The location of the event was special for Samohin, because Israel had a judge of Hungarian origin, Katalin Alpern. She passed away in 2015, but she talked a lot with the skaters about Debrecen. "I talked to her in Stockholm. She told me the next year Junior Worlds would be in Debrecen, in her home country. She didn't say she wanted me to win, but she said she would really love it if I could earn a good placement. Then I found out she had cancer and she passed away... So I wanted to do my best also for her," Samohin said. He underlined that Alpern had always been very supportive towards all the Israeli skaters and helped a lot with technical issues.
Samohin has ambitious plans for the future. Quads inspire him and he wants to keep adding more quads into his routines. "Eventually the plan is five quads, but I will add just one in a season. Next season maybe I'll jump three different quads in the free," he revealed.
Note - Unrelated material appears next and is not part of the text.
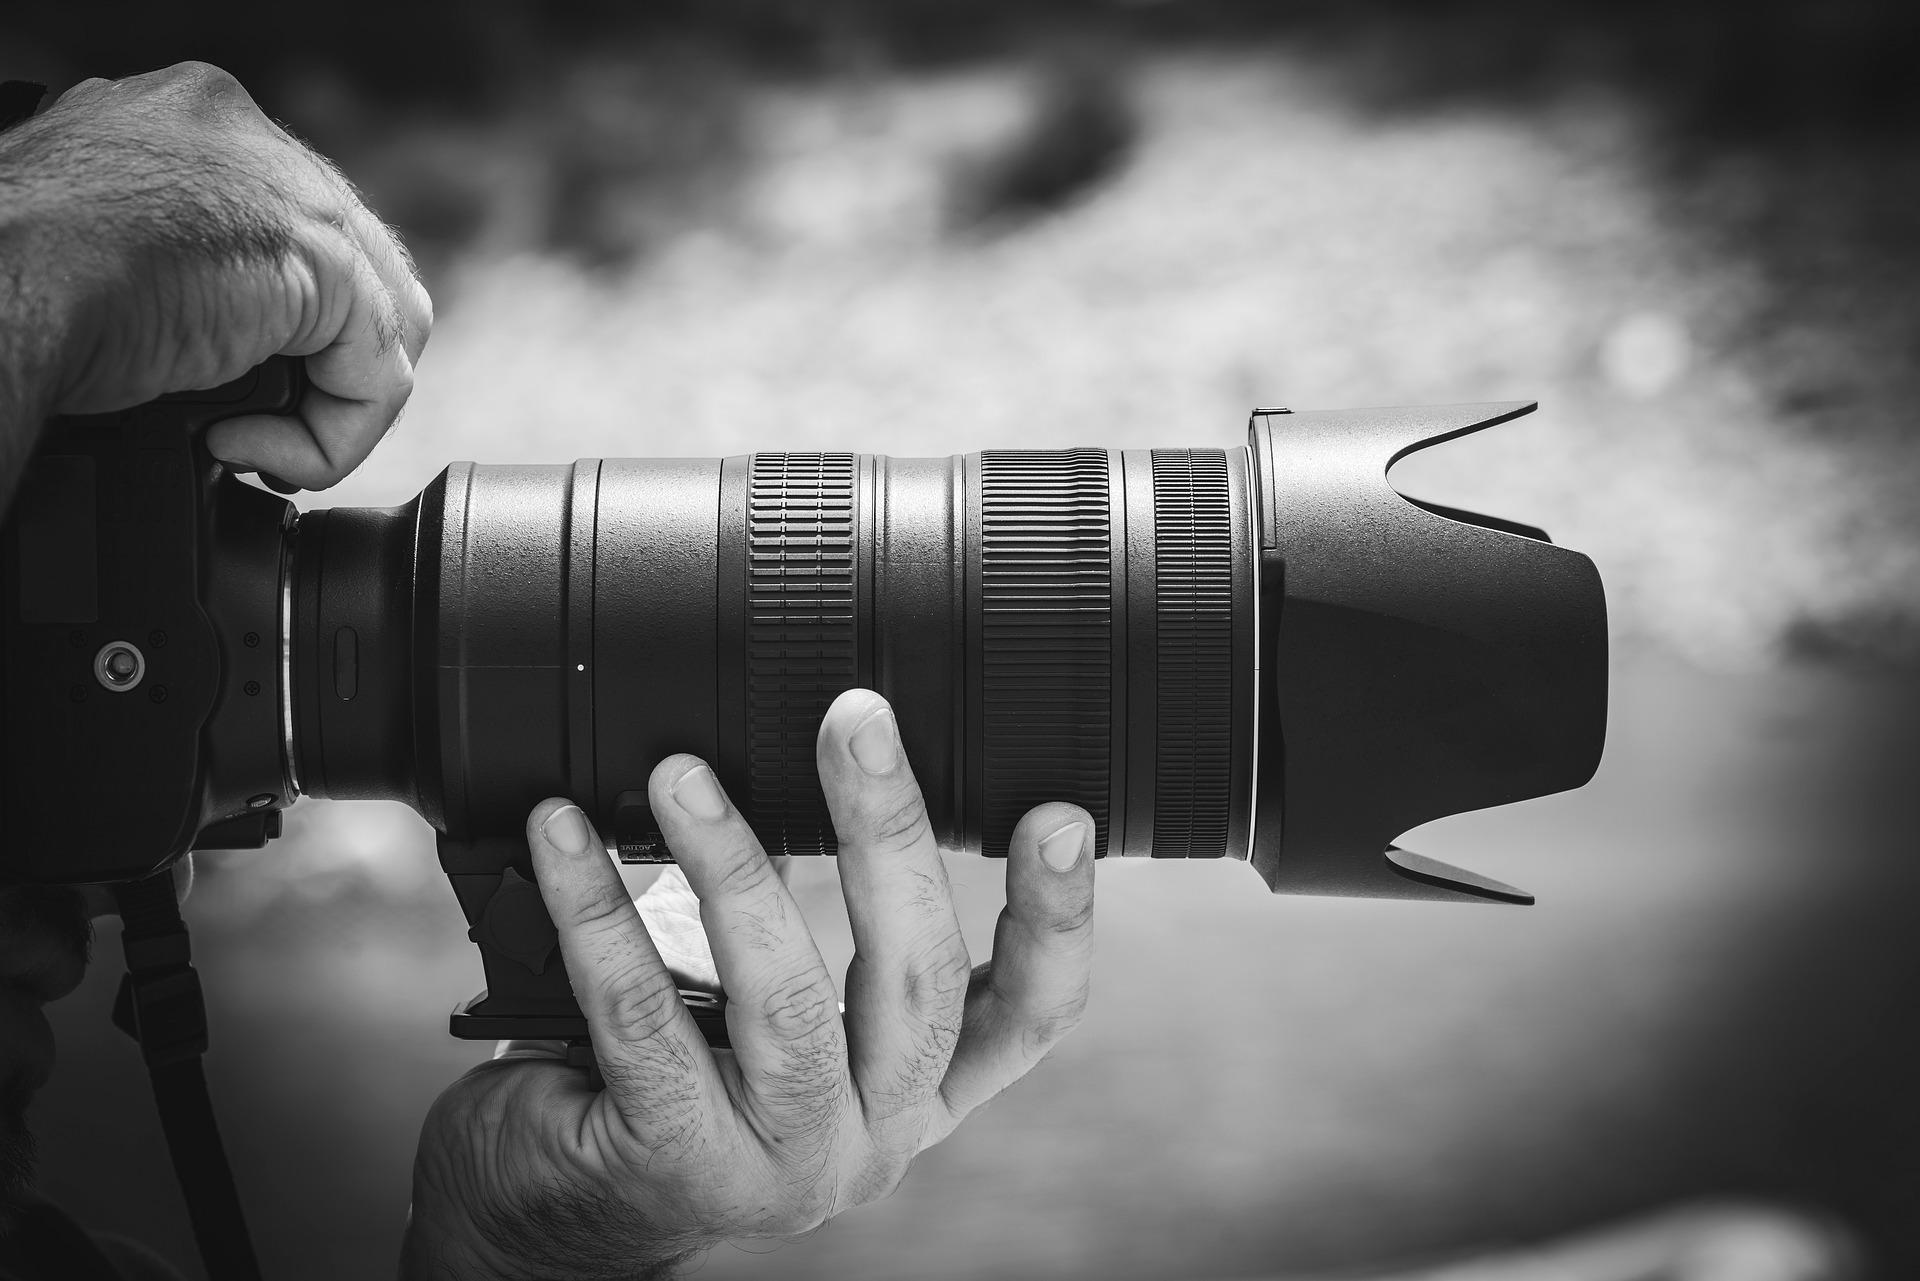 Nyheder fotografi journalist
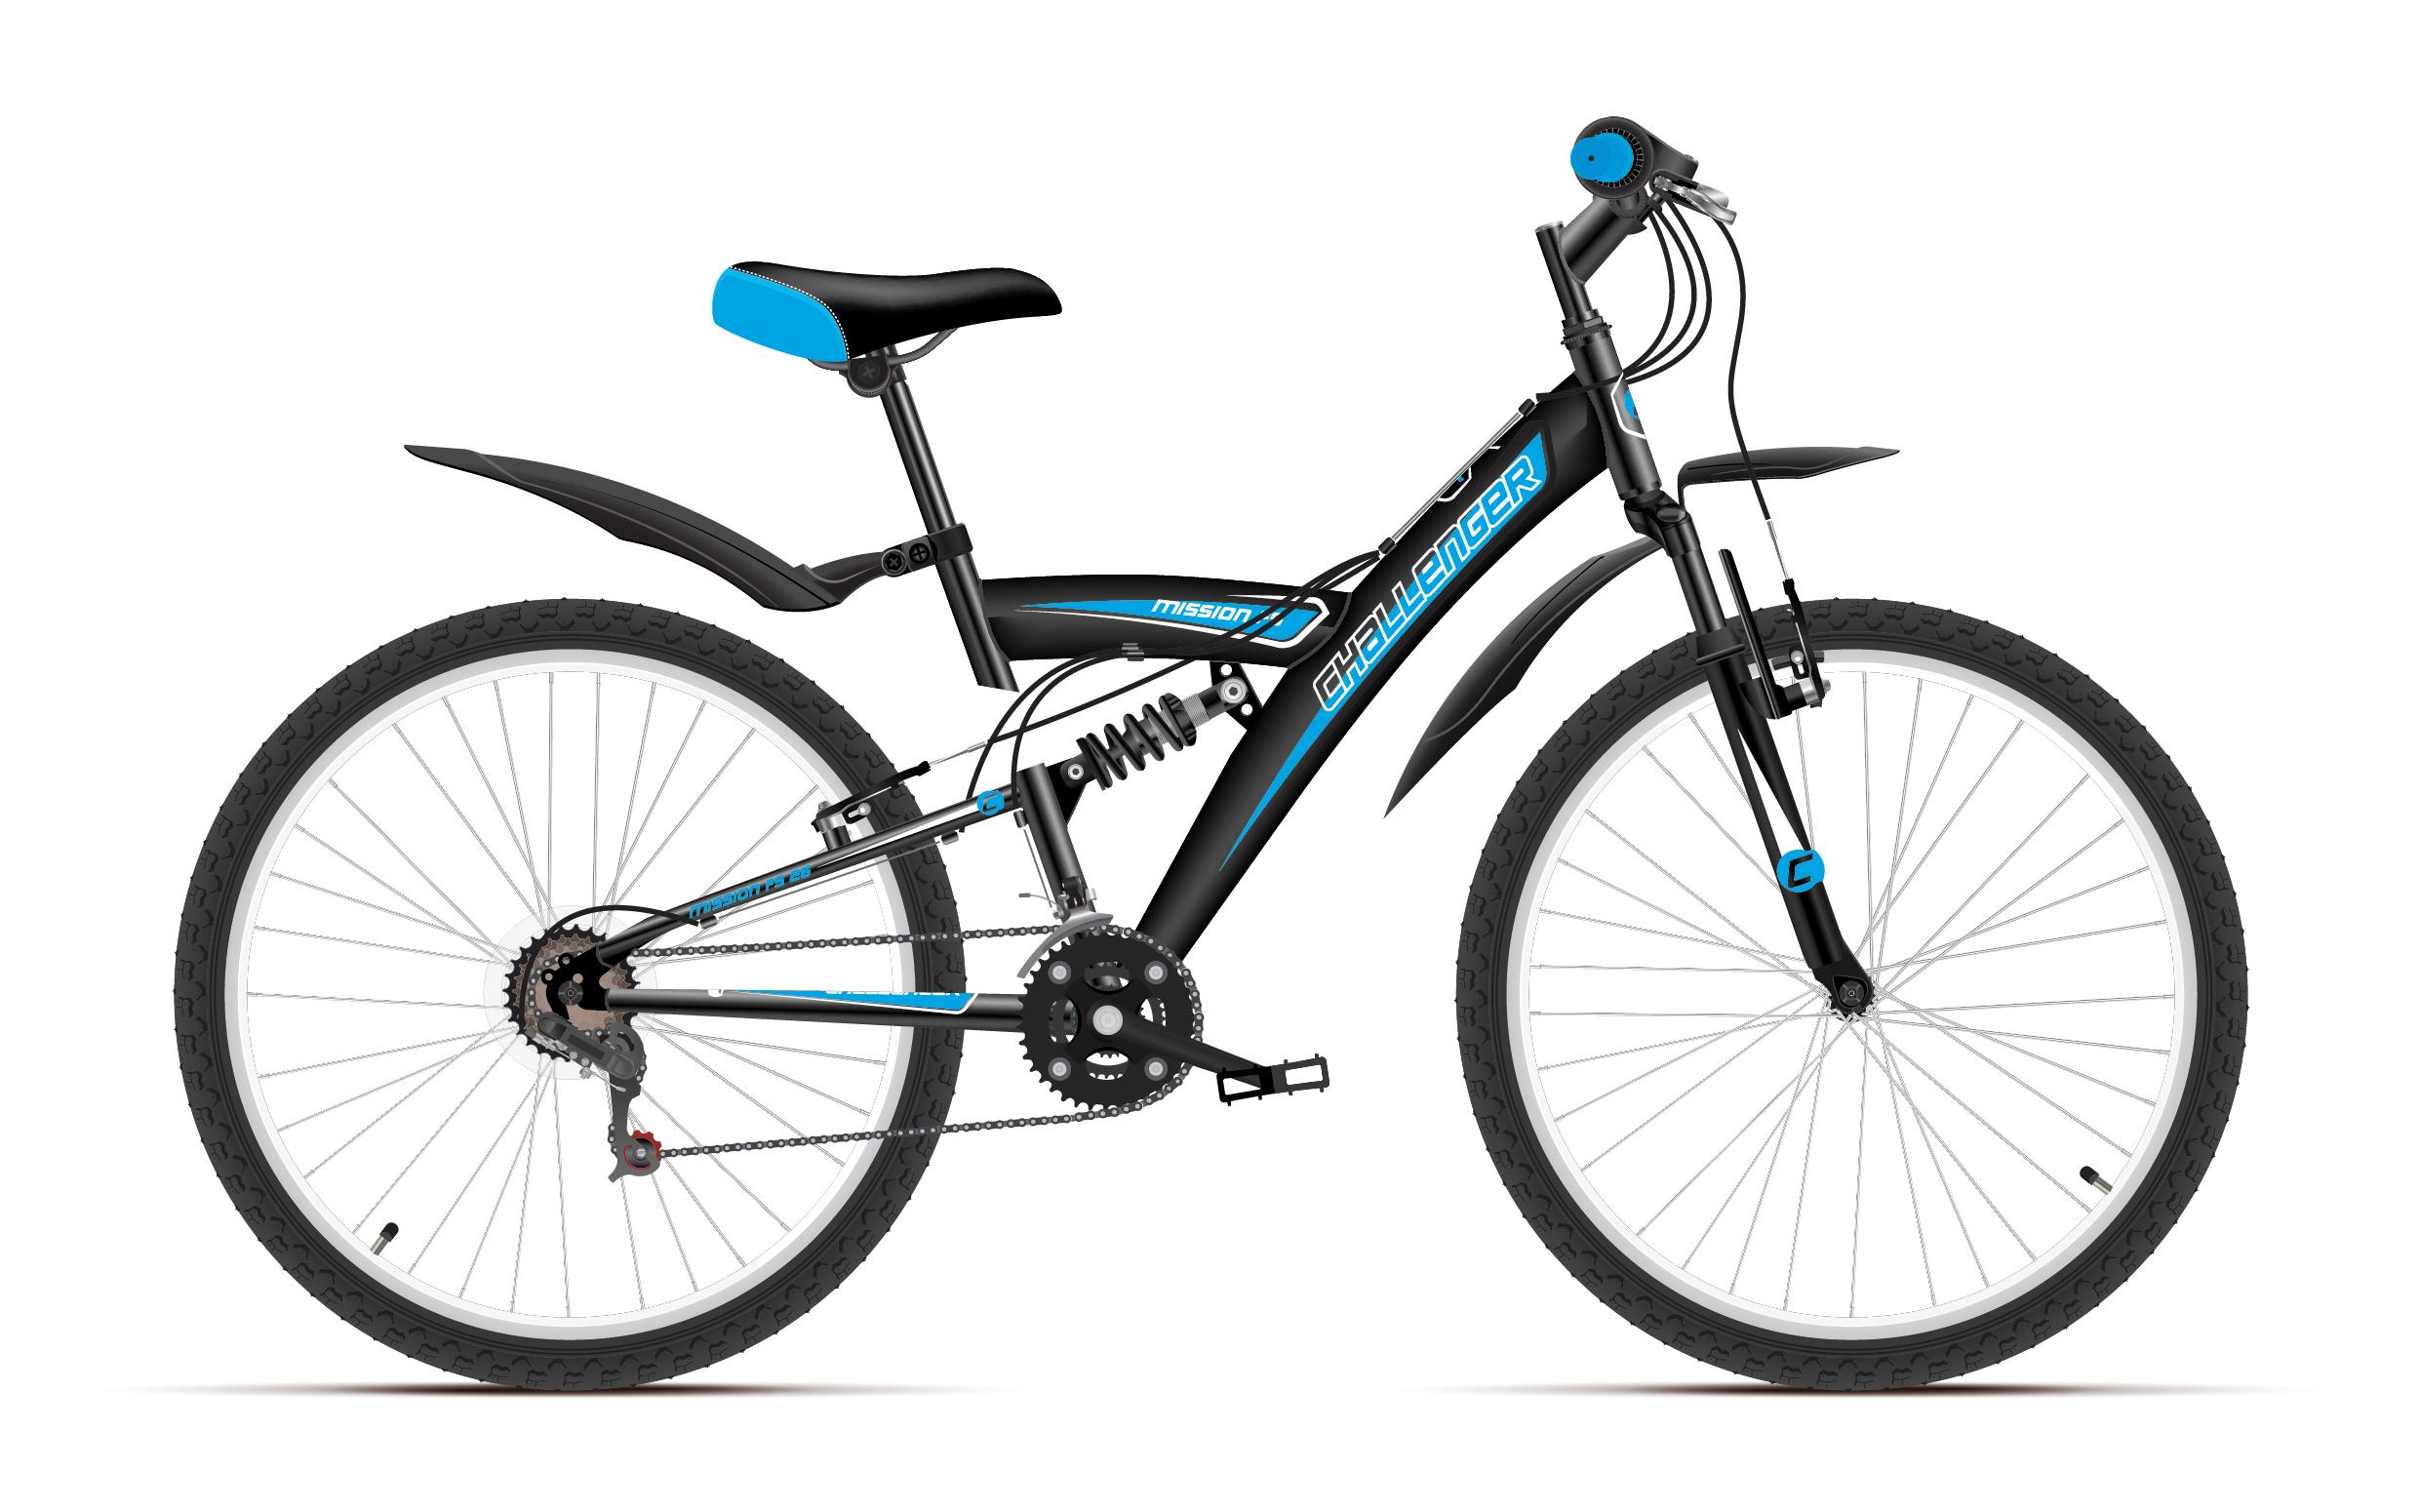 Велосипед Challenger Mission FS 26 2018 чёрный-синий-белый 18 д

He is creative also off the ice - he's started to run his own clothing brand. "With a friend of mine we always wanted to do something different, so we started the company White Wolf, Black Wolf. Wolf is my favourite animal because it never betrays its pack. Once he does, they kick him out. With my family and friends we are really close, and we don't betray each other. That's how it came up," he explained the story behind his brand.
But his priority is still skating - and if he manages to perform programs like his free skate in Debrecen then he will soon stand on the podium at senior events, too.